* Work instructions
Return the listing exactly, please; no pictures.

* Data provided
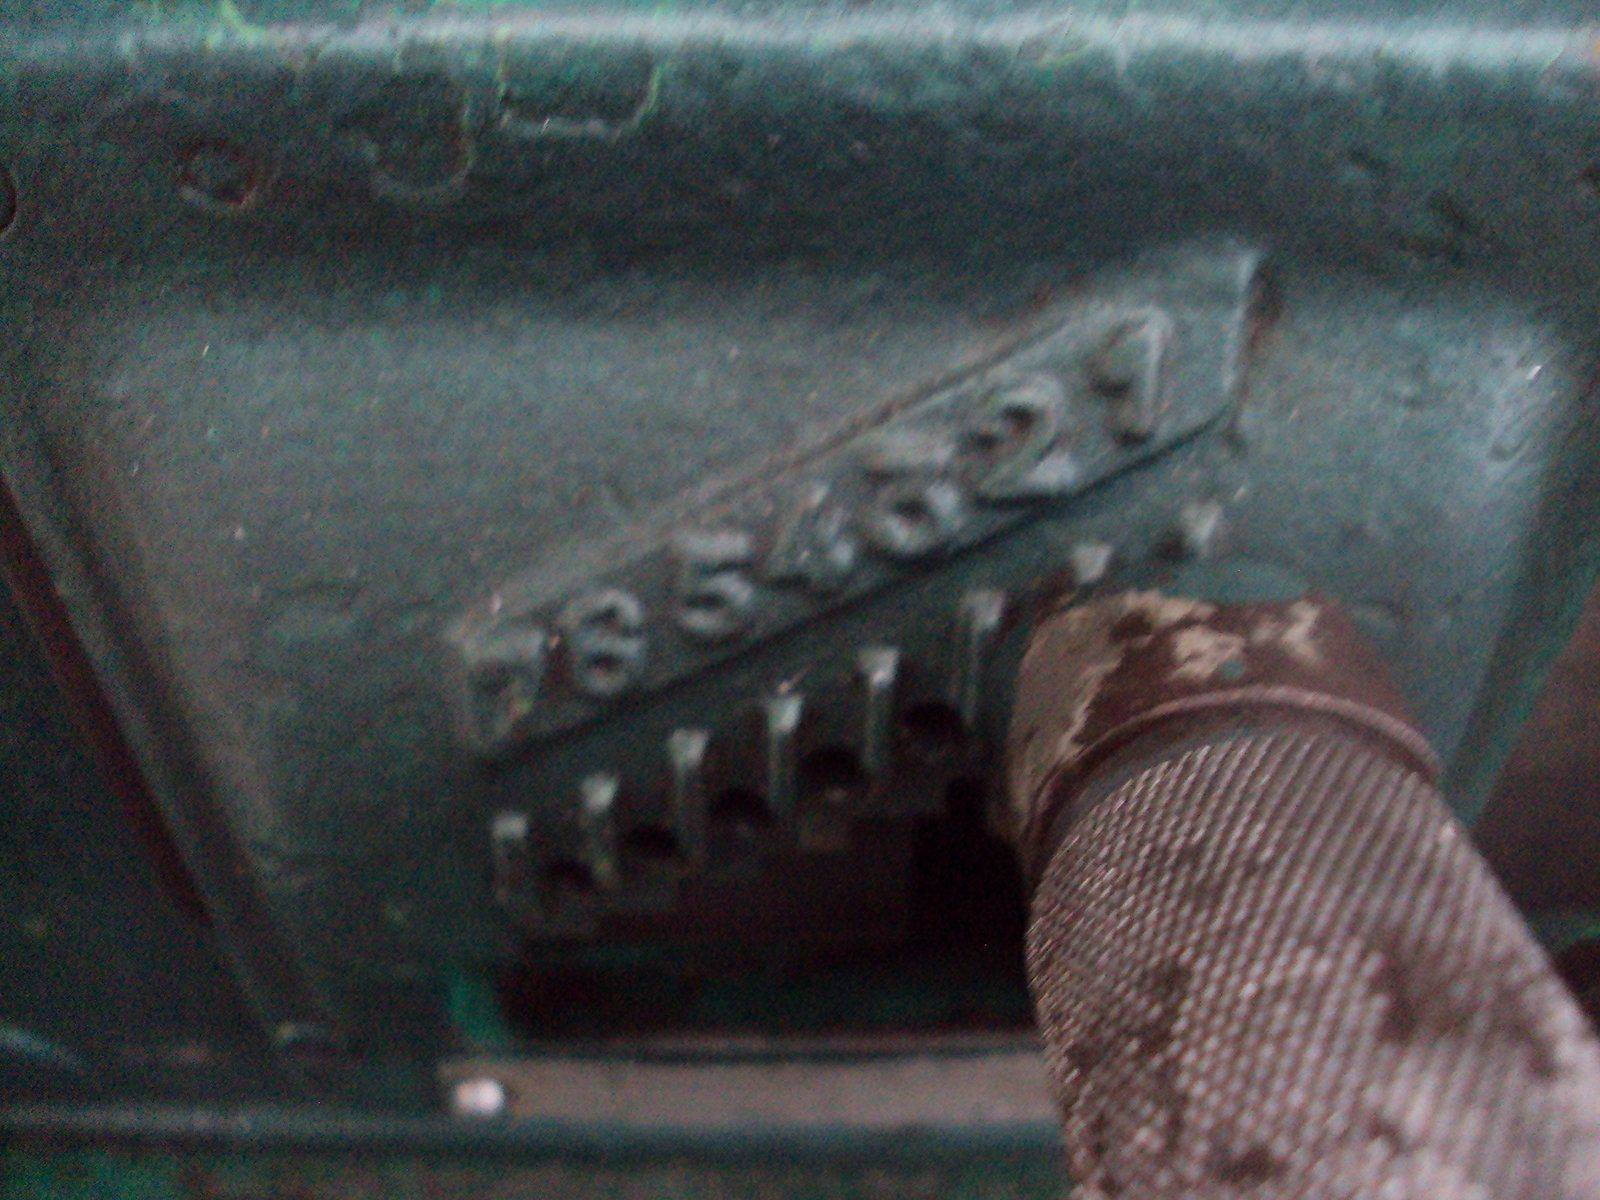 DSC05646.JPG
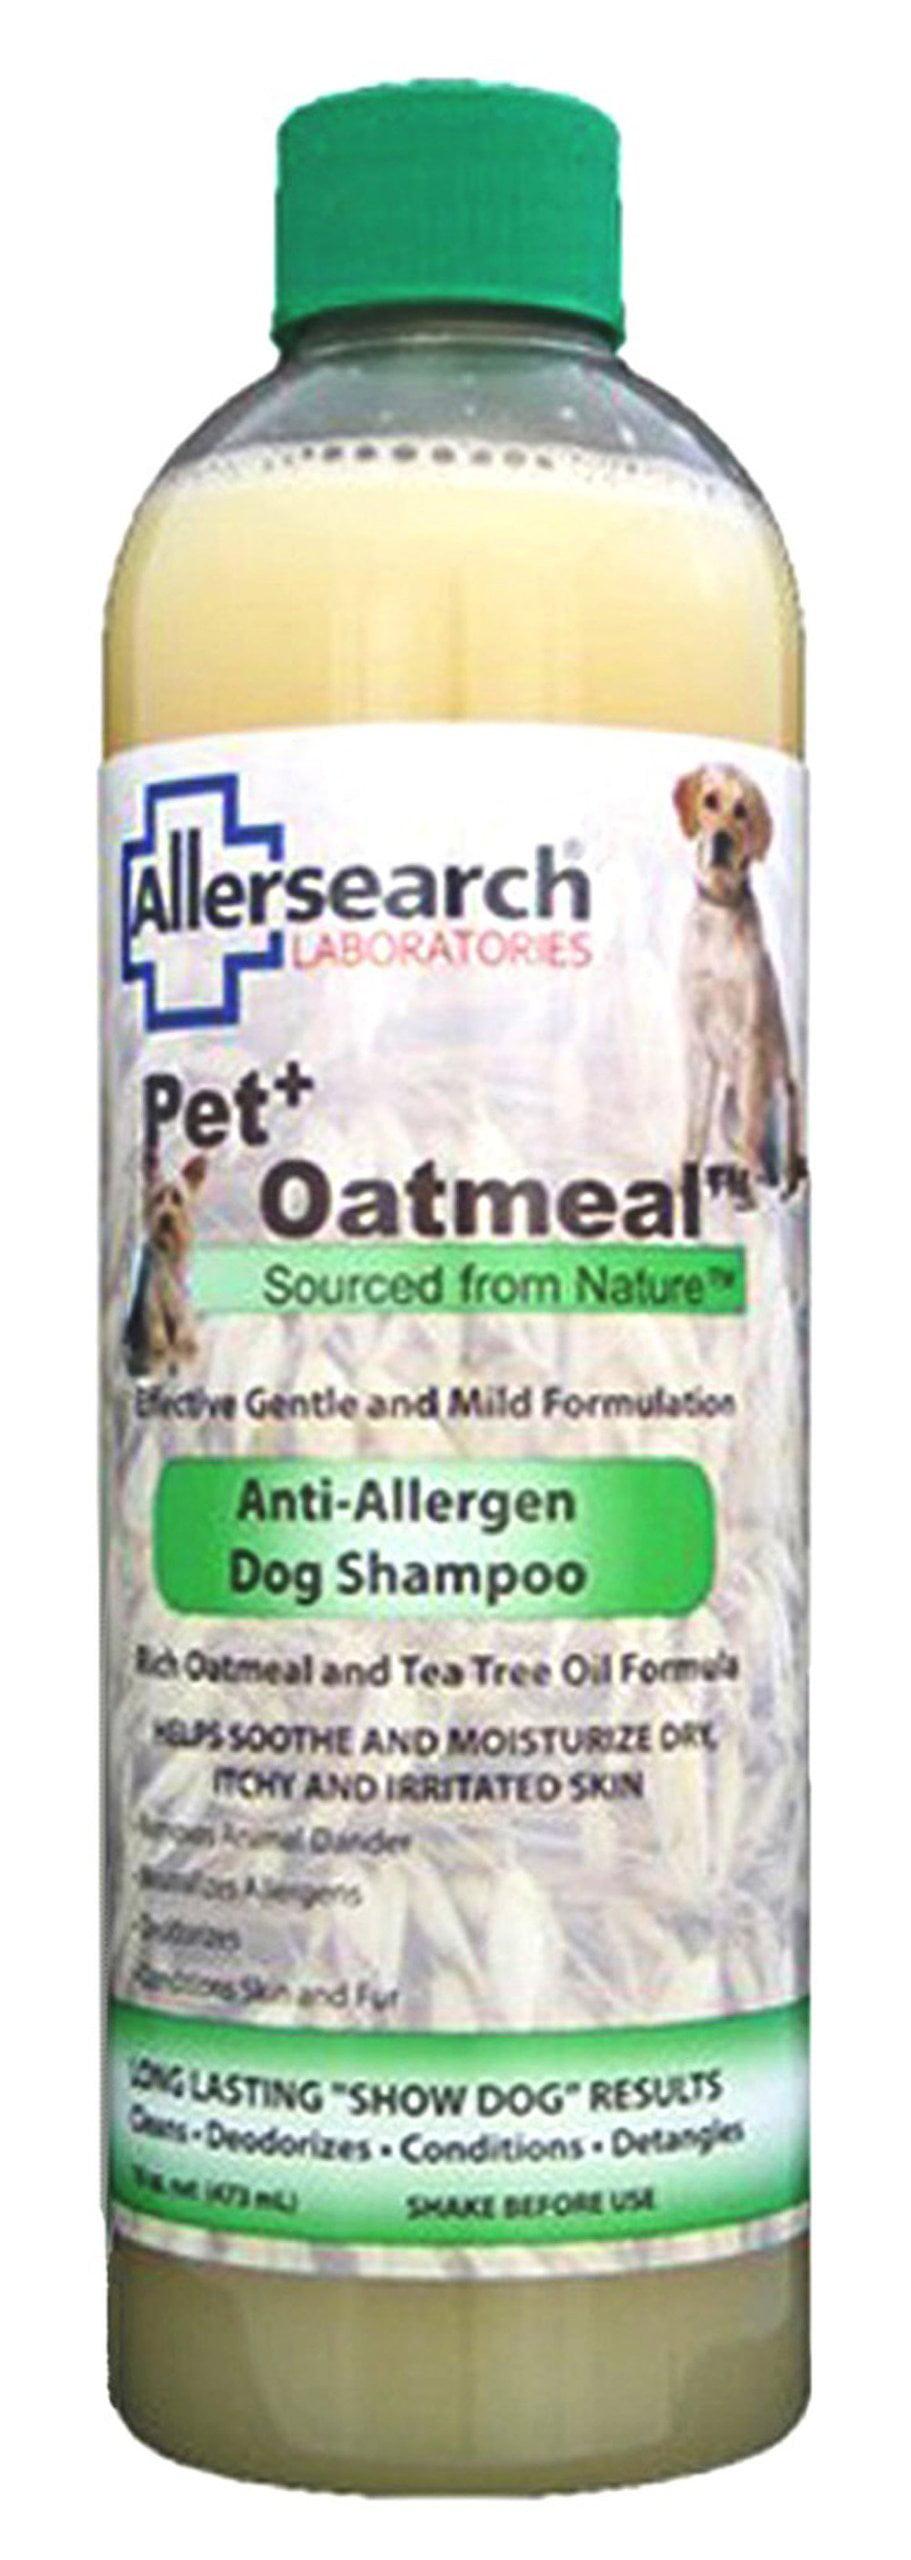 Allersearch Laboratories Pet Plus Oatmeal Anti-Allergen Dog Shampoo 16 oz. by
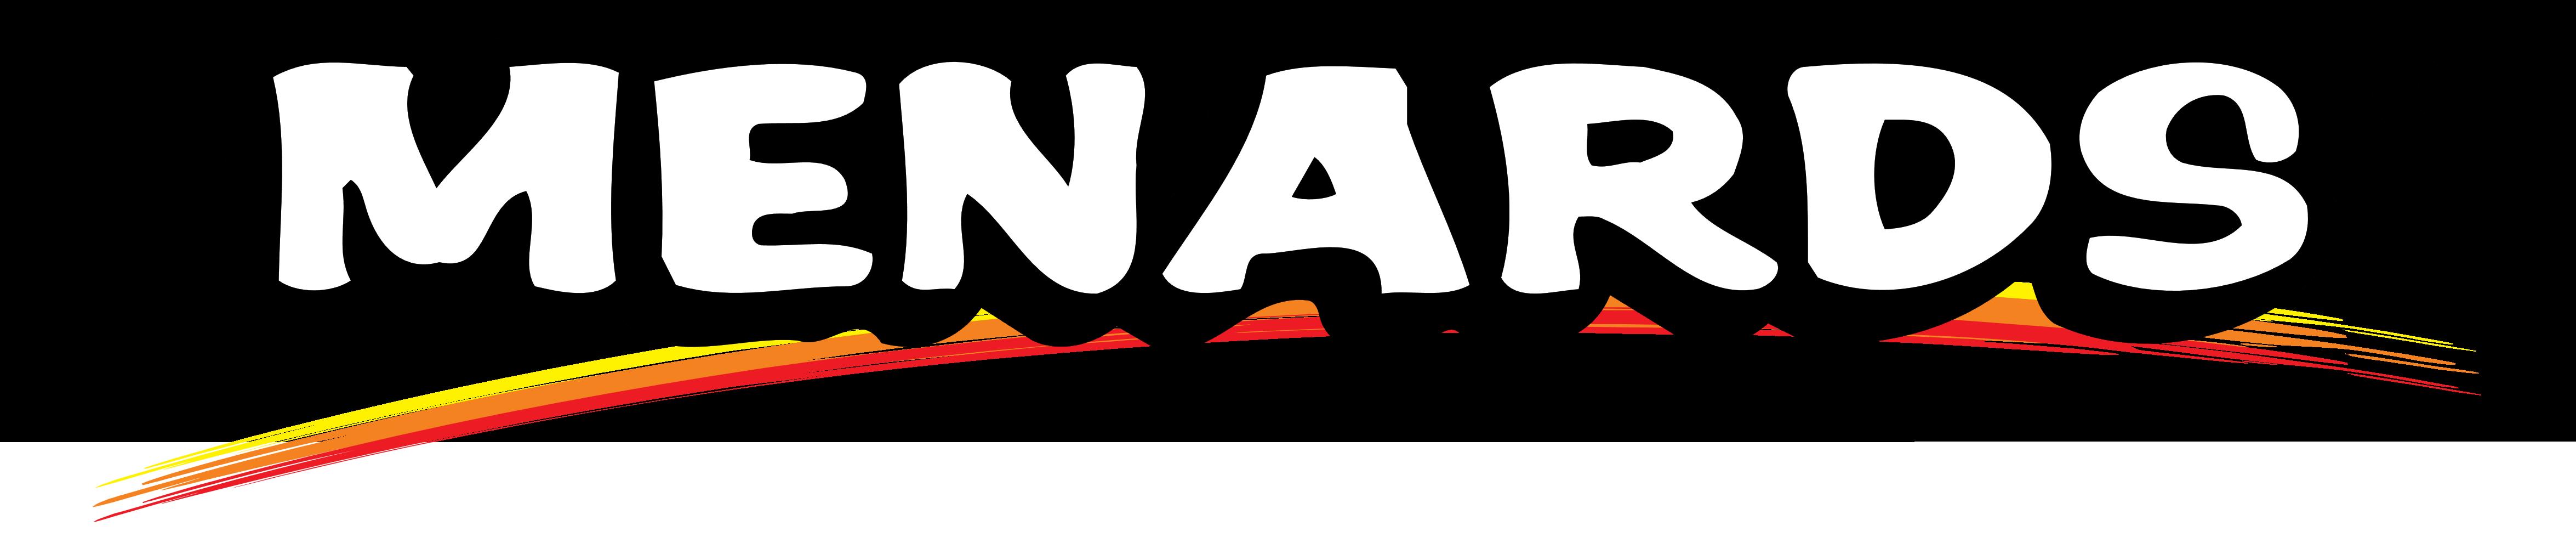 Menards_logo_symbol
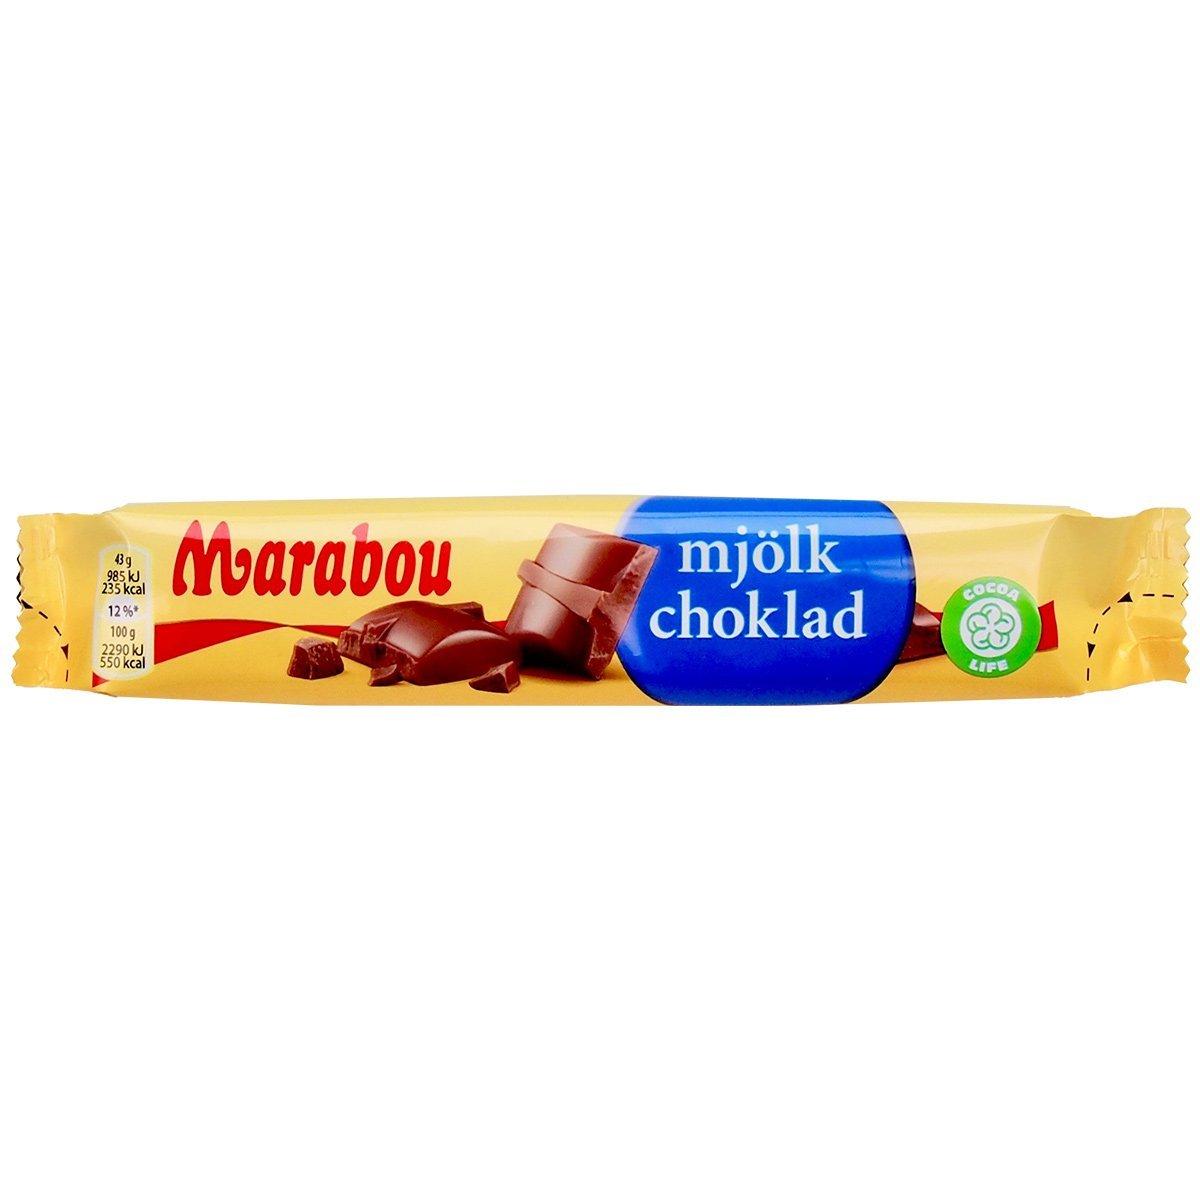 Marabou mjölkchoklad Riegel – Milchschokolade (43g) 1

* Answer space
 DSC05646.JPG
 Allersearch Laboratories Pet Plus Oatmeal Anti-Allergen Dog Shampoo 16 oz. by
 Menards_logo_symbol
 Marabou mjölkchoklad Riegel – Milchschokolade (43g) 1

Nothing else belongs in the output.